== Data ==

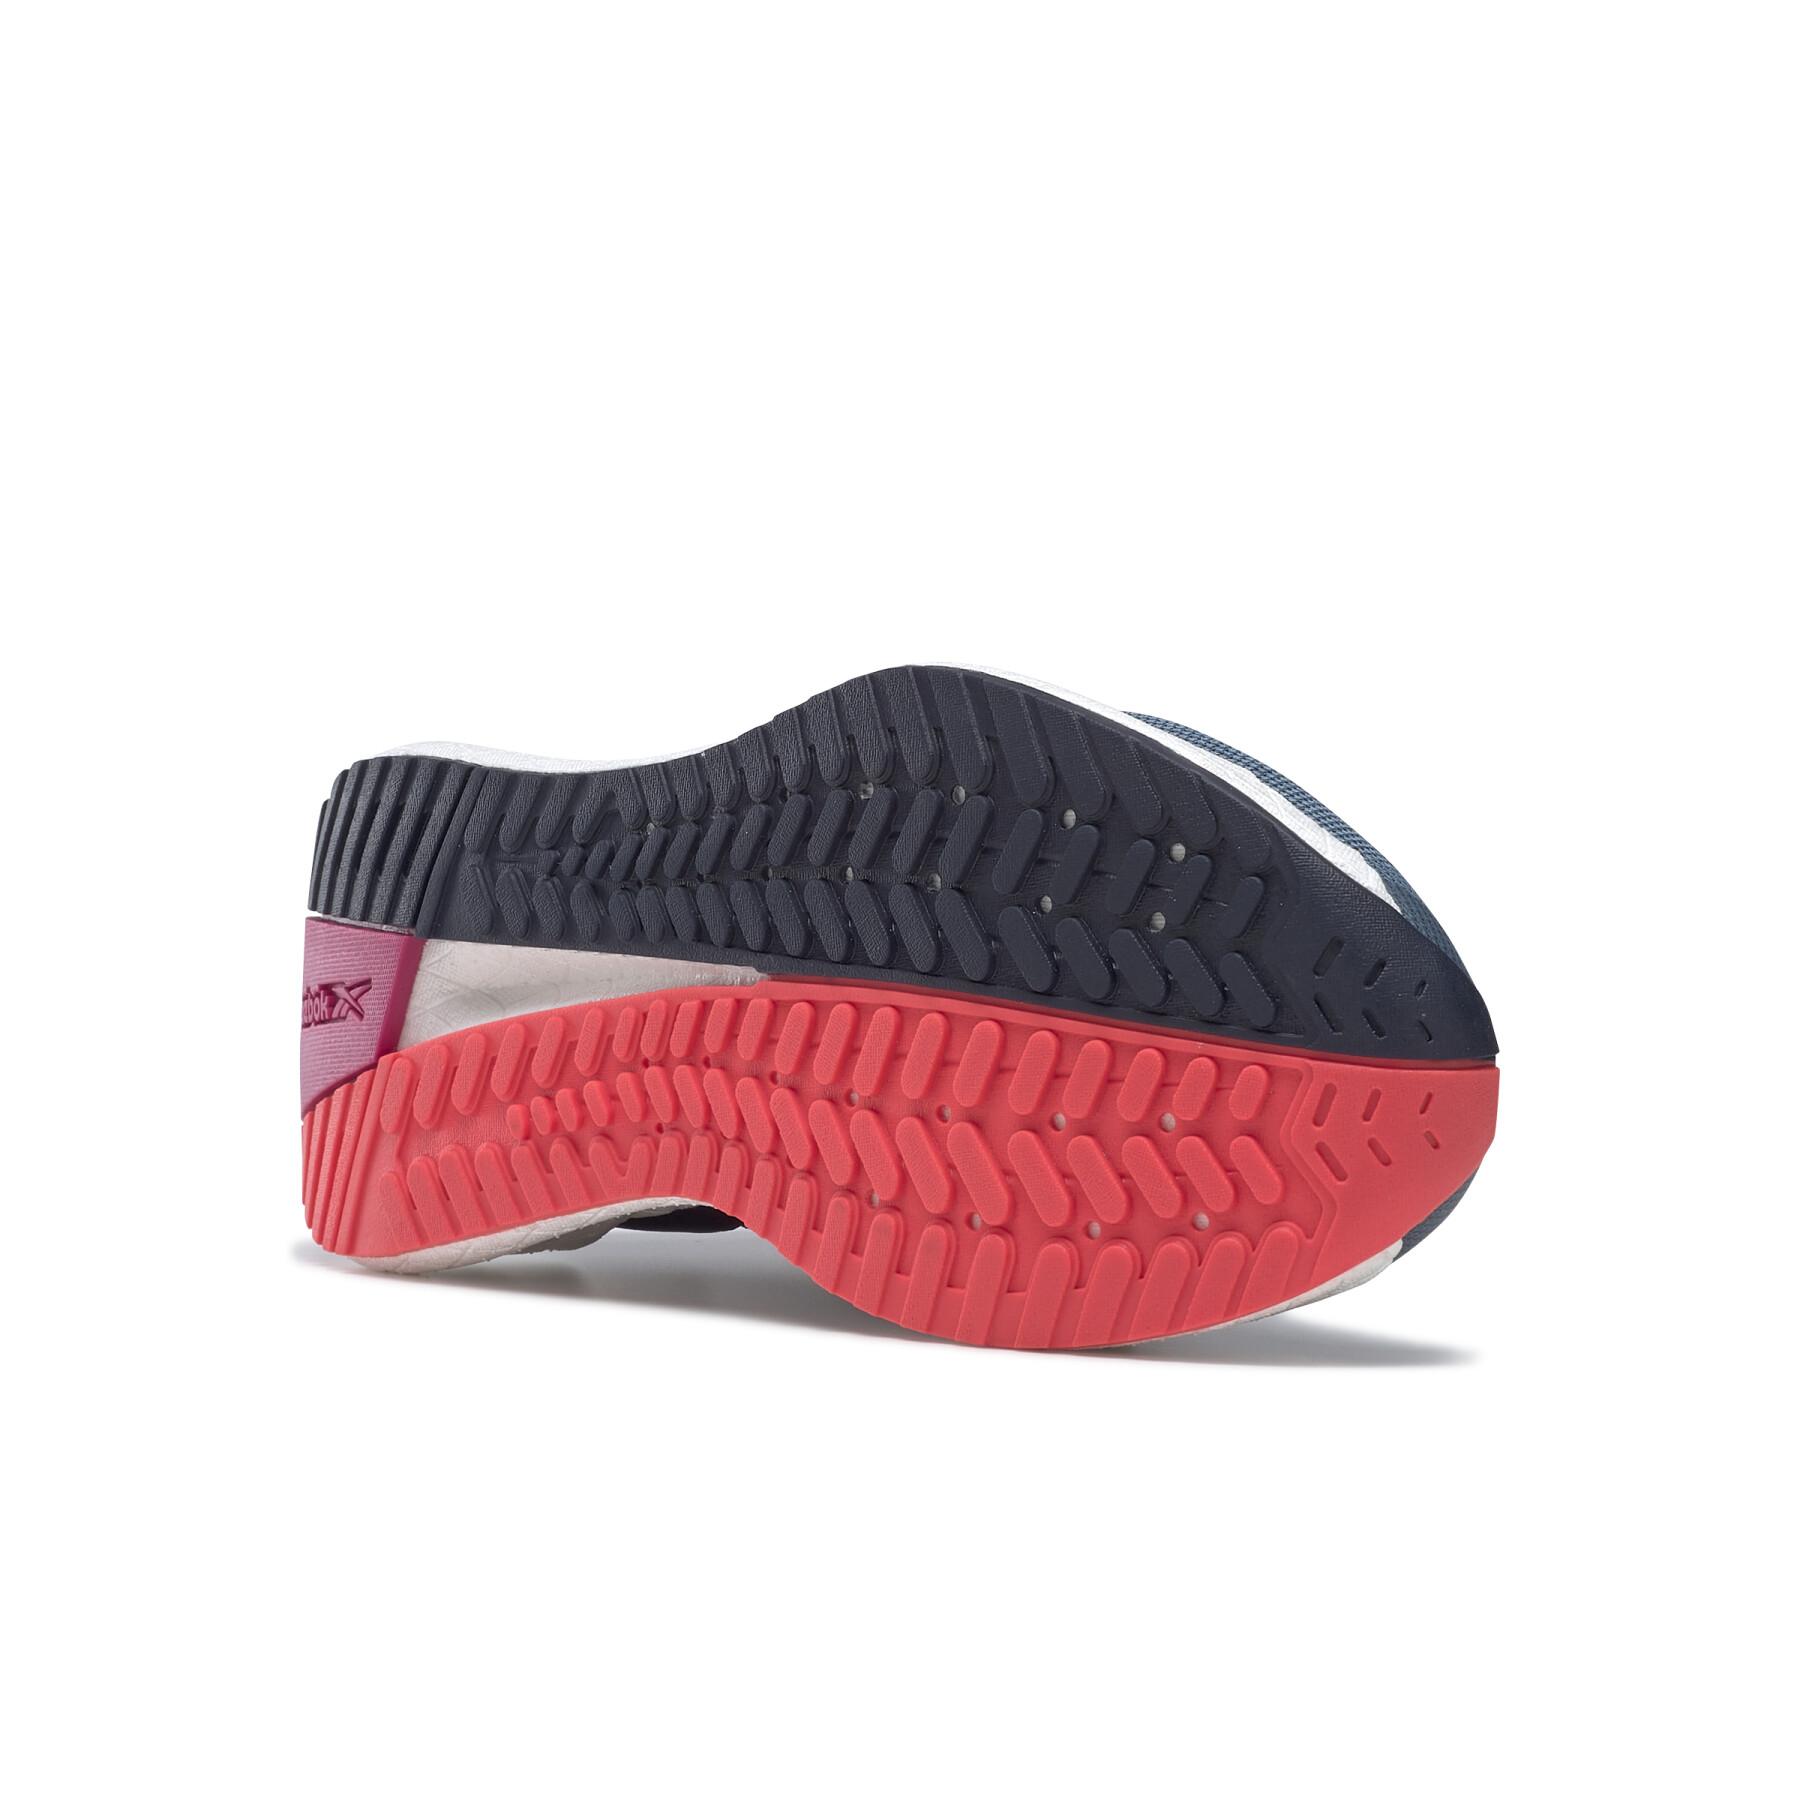 Schuhe für Frauen Reebok Floatride Energy Symmetros
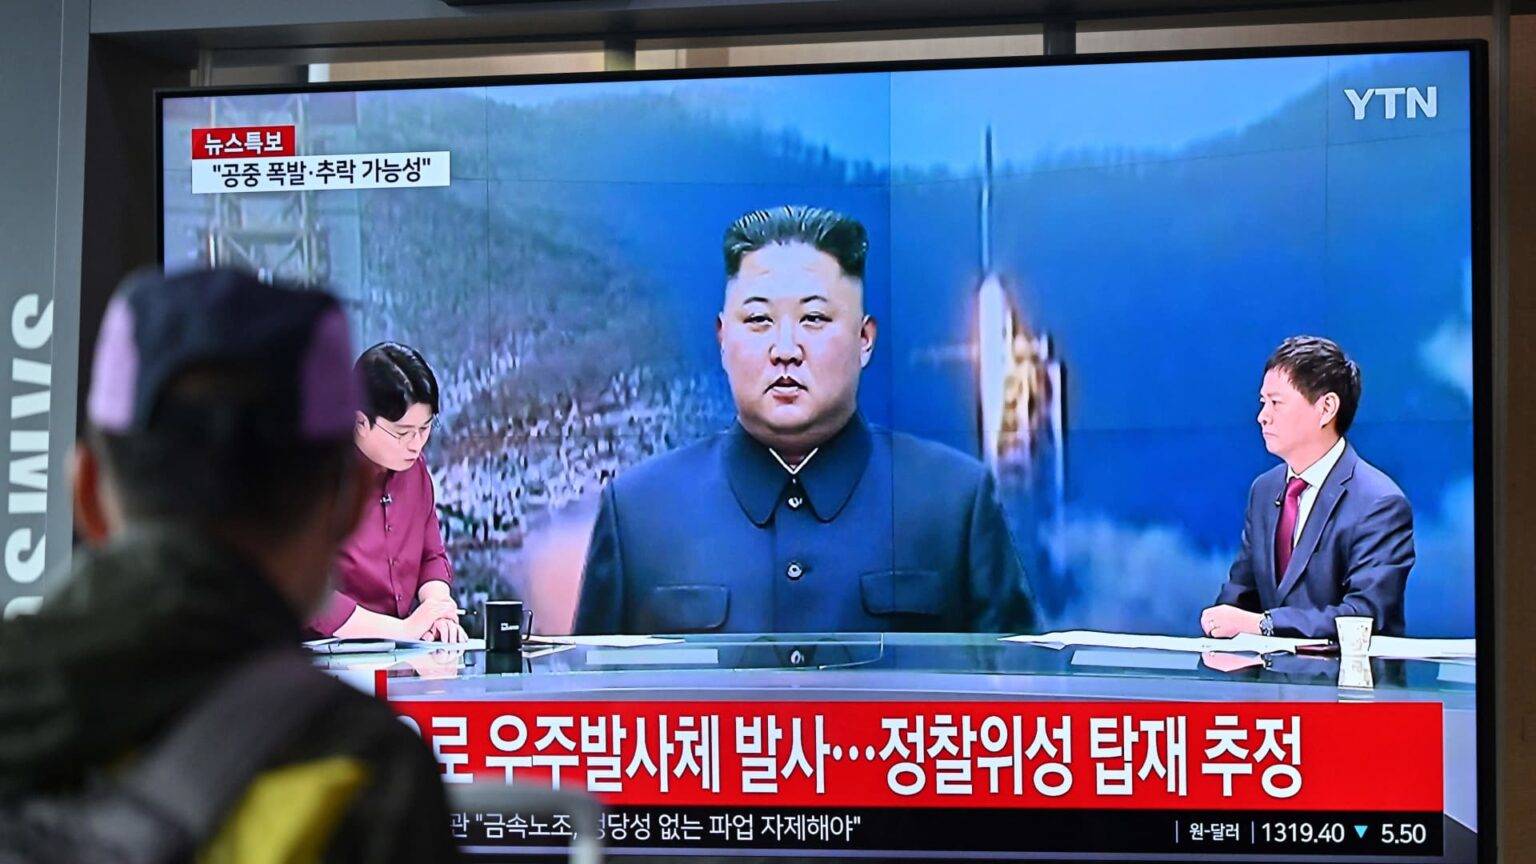 North Korea says spy satellite launch crashed into sea
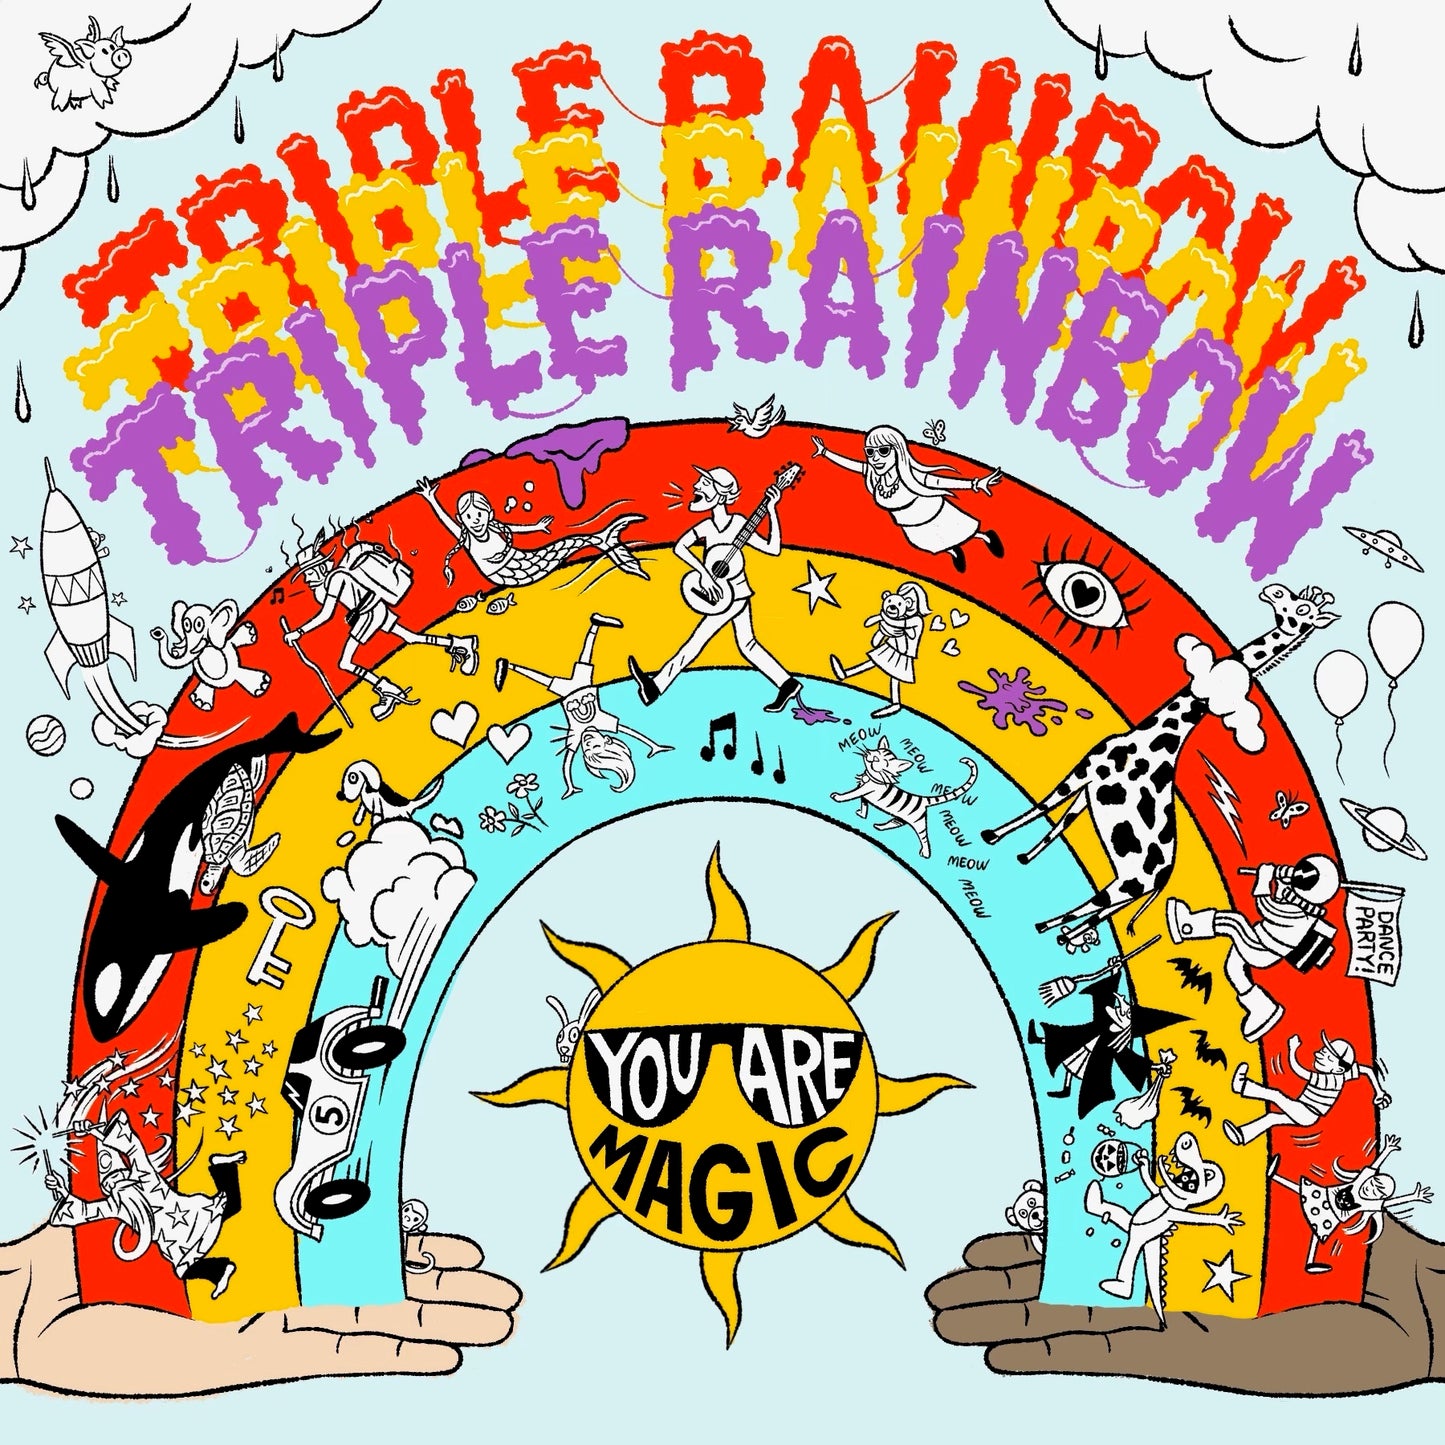 Triple Rainbow - You Are  Magic
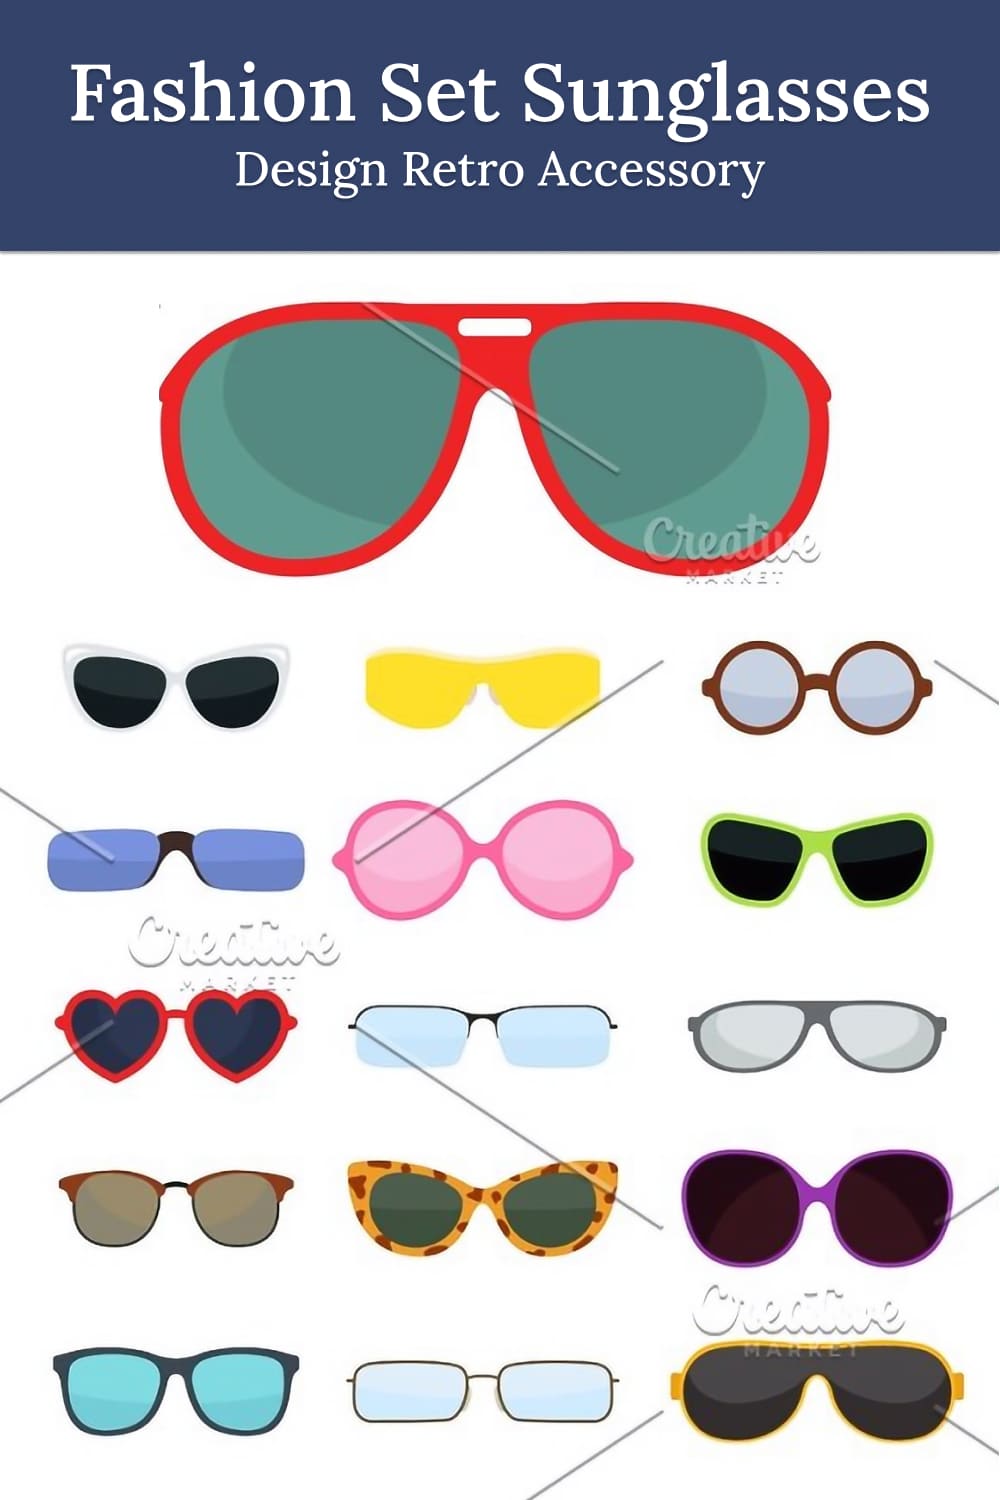 Fashion set sunglasses design retro accessory pinterest image.

===

Retype all the material word for word while skipping any picture it contains.

= Exercise result =
 Schuhe für Frauen Reebok Floatride Energy Symmetros
 North Korea says spy satellite launch crashed into sea
 Triple Rainbow - You Are  Magic
 Fashion set sunglasses design retro accessory pinterest image.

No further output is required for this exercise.